Schulten: There has been quite a change over the last decade in the type of structures biologists are looking at, but much of work is centered on proteins. Proteins are very small machines in cells – the human cell has as many as the United States has citizens. These many millions of proteins work together and that’s what makes a biological system “living.”
In the 50s, computational researchers were able to look at small individual proteins, which led them to many Nobel Prizes. Today they’re looking at large assemblages of proteins. Simple ones like virus capsids are often constructed of thousands of proteins, but all of one kind. Others are involved in energy transformations like respiration or photosynthesis, which again have thousands of proteins, but in this case many different kinds.
There are well-known structures like ribosomes, which read genetic information and turn it into the synthesis of proteins. And then there are sensory proteins, involved in things like vision and taste and olfaction. There are also proteins that are important for neurons in the brains, which facilitate the communication between the neurons. Others are involved in the genetic machinery, like chromatin, which acts as a cradle for DNA.
Whereas the individual proteins we use to study often had a just a thousand or a few thousand atoms, these protein assemblages involve many millions of atoms – up to a billion. These are much more representative for what we are now studying in living entities.
What advantages do these computer simulations have over real-world observations?
Schulten: The advantages are huge. You just have to be careful trusting the computer.
Physical measurements can only be taken under certain conditions. For example, the light microscope is really a versatile instrument. But it can only resolve things down to a certain size, and that size is limited by the wavelength of light; a wavelength much too big to see details like molecules in living cells. In an electron microscope, you have a much higher resolution, but you have to use a vacuum environment and dry conditions to examine what you’re looking at. So, most of these experimental instruments are very limited.
That’s where the computer comes in, to be a microscope where real microscopes don’t work. Just as Boeing uses a computer to simulate airplanes, we simulate what we know is in the cell. Now, we’re not quite as good as what Boeing can do with airplanes, but we’re pretty good and getting better every year.
The computer simulations combine the data of experimental results, including light and electron microscopes, in additions to other kinds of research. The computer is also very good at applying the basic principles of science to living systems. Only the computer can put apples and oranges together and give you the structures that are consistent with all of these measurements. That’s its strength.
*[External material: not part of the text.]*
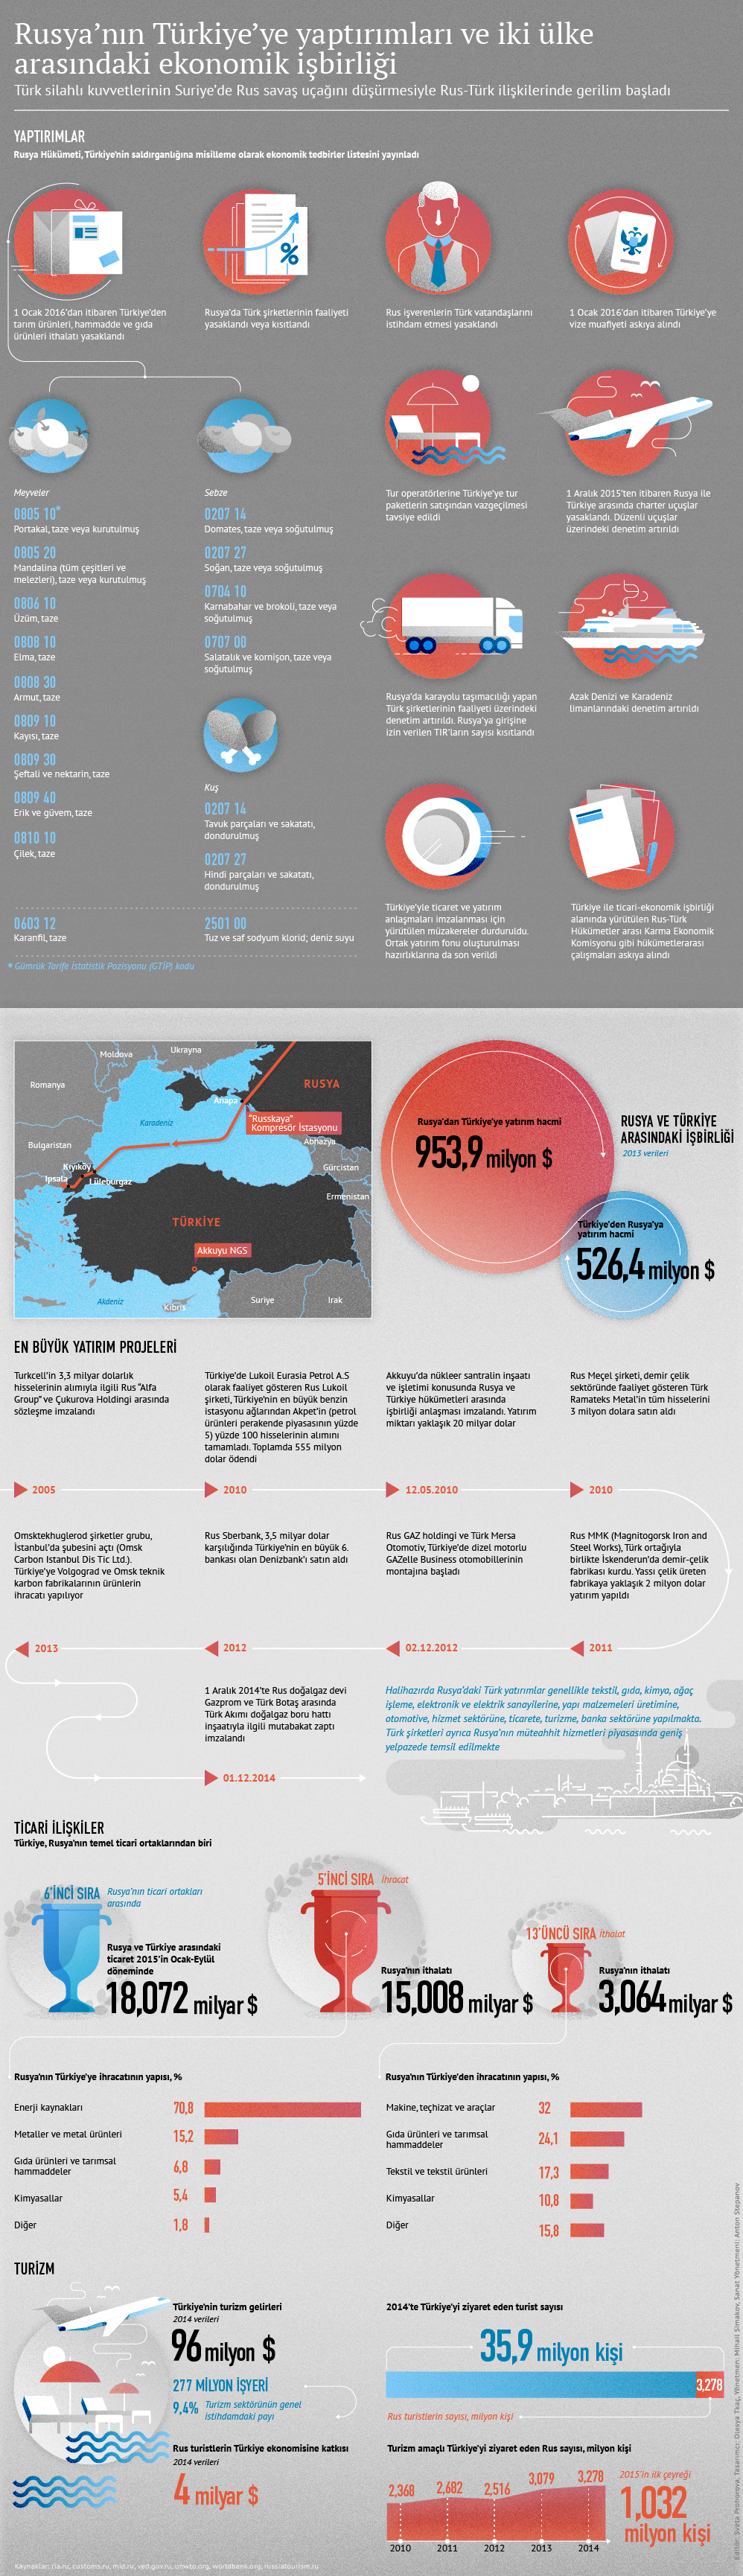 Rusya’nın Türkiye’ye yaptırımları ve iki ülke arasındaki ekonomik işbirliği - Sputnik Türkiye

Could you give some example of recent discoveries made possible with computational biophysics? For example, have any specific results found practical applications in medical treatments, agriculture, energy production, or other areas?
Schulten: Computational methods have made astonishing advances on how certain animals navigate, many of which possess a magnetic sense and are able to determine magnetic north and south. Some animals, like fish, have an incredible sense of touch, so can stay completely still in flowing water – and thus hidden from predators -- by measuring the flow on the surface of their skin. These types of discoveries were uncovered by computer simulations.
The computer is also an extremely useful instrument for pharmacological research because the targets of most of our medical treatments are specific molecules in the body. That’s what the computer can help with -- describing the target molecules and suggesting pharmacological treatments against what the computer sees.
A relatively new discovery made possible by the latest generation of computers is the structure of the HIV virus. Now that this structure is known, great progress has been made with HIV treatment. And we can develop new treatments that outrace the virus as it adapts.
In my own research, I study the ribosome from a pharmacological perspective. The ribosome is a target of antibiotics and we constantly have to find new ones because bacteria become resistant to the antibiotics we’ve developed.
We can also develop strategies using nanotechnology, which is a relatively new technology area being looked at for medical use. Nanotechnology use devices so small, even light microscopes can’t see them. They can be used to monitor cell activity, for example, to diagnose certain types of cancer. Here again, the computer can help develop these devices.
Another active area in my research group is looking at what we call “second-generation” biofuels. We already know it’s possible to make gasoline from ethanol and valuable food sources like corn and sugarcane, but that takes food away from people. Now, instead, we want to make biofuel from industrial waste. This requires unique molecular transformations, which are being developed jointly between experimental and computational scientists.
So we’re seeing a revolutionary rise in the use of computers for bio-nanotechnology, medicine, and the life sciences in general.
Schulten: NAMD and VMD are scientific software that has been systematically funded by the National Institute of Health (NIH) for more than 25 years. Recently the funding has been renewed for another five years. The result has been professional software that is used by about 300, 000 researchers worldwide.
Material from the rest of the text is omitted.